The DSM-I deftly responded to the new world of postwar psychiatry. It split mental disorders into organic and psychogenic categories, reflecting the recent hospital-based and community-oriented psychiatry division. The profound psychic impacts of combat also led the initial DSM to add the far broader and more heterogeneous difficulties found in the general population to the largely psychotic problems that previous manuals emphasized. Shortly after the first DSM appeared, mental institutions began a precipitous decline. The roughly half-million patients residing in the state and county mental hospitals in the early 1950s fell to just 63,000 at the turn of the century and to below 40,000 at present.20 The status of the major diagnostic categories changed accordingly. Compared to the initial duality of organic and psychogenic conditions, the most recent DSM devotes just 2 of its 22 chapters to the psychoses.
Outpatient practitioners had little need for diagnoses in the 1950s and 1960s, as most clients paid for their own treatment.

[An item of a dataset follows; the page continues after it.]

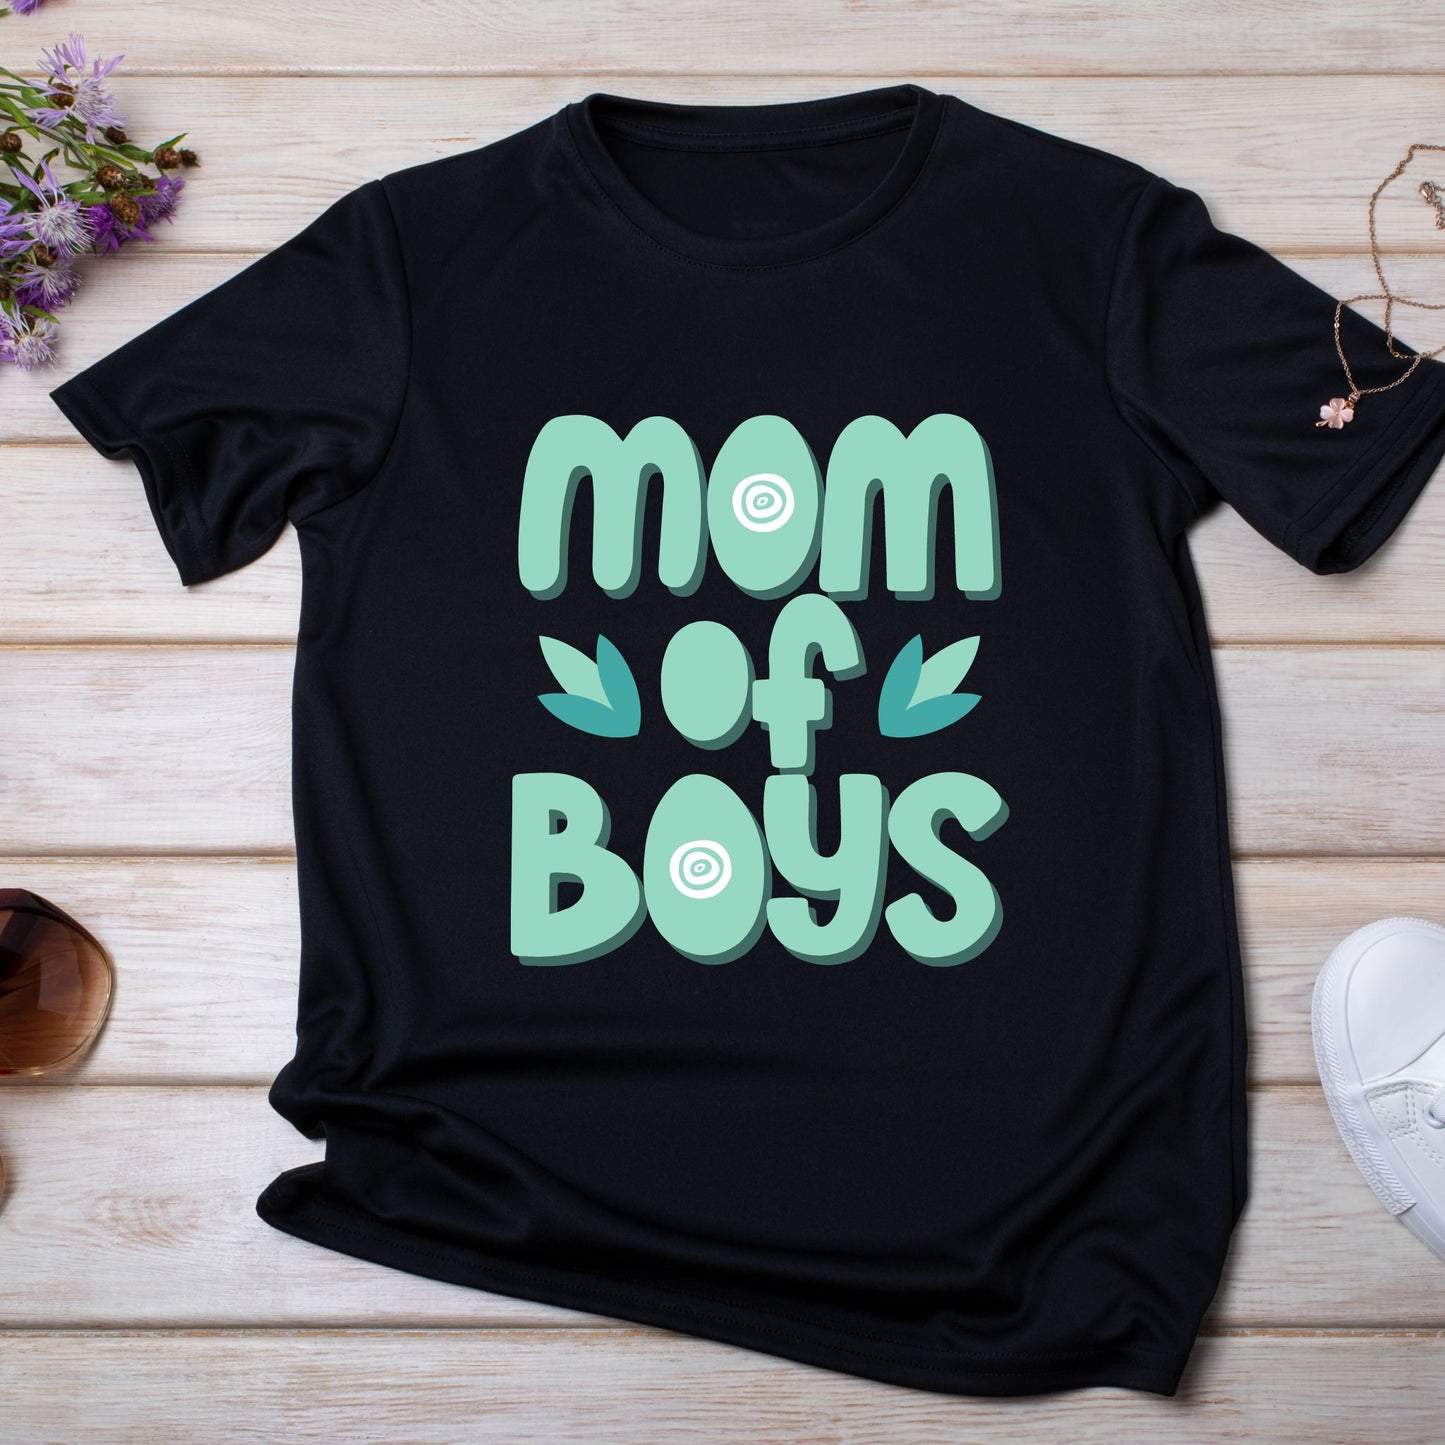 Mom of Boys - Mom Shirt

Dominant analytic theories downplayed or dismissed the diagnostic process. Thus, the brief and nonspecific descriptions of the psychogenic conditions found in the first two DSMs sufficed.
Political conflicts within the profession profoundly influenced the course of the DSM. The first DSM arose when almost all psychiatrists were clinicians or administrators. By the early 1970s, psychiatric researchers had gained considerable power and prestige, and diagnoses were essential for their goals. The extant DSM did not provide them with the precise descriptions and decision rules that ensured they dealt with homogeneous groups. Robert Spitzer, the leader of the researchers who promulgated the DSM-III revolution, understood that the manual also had to meet clinical needs.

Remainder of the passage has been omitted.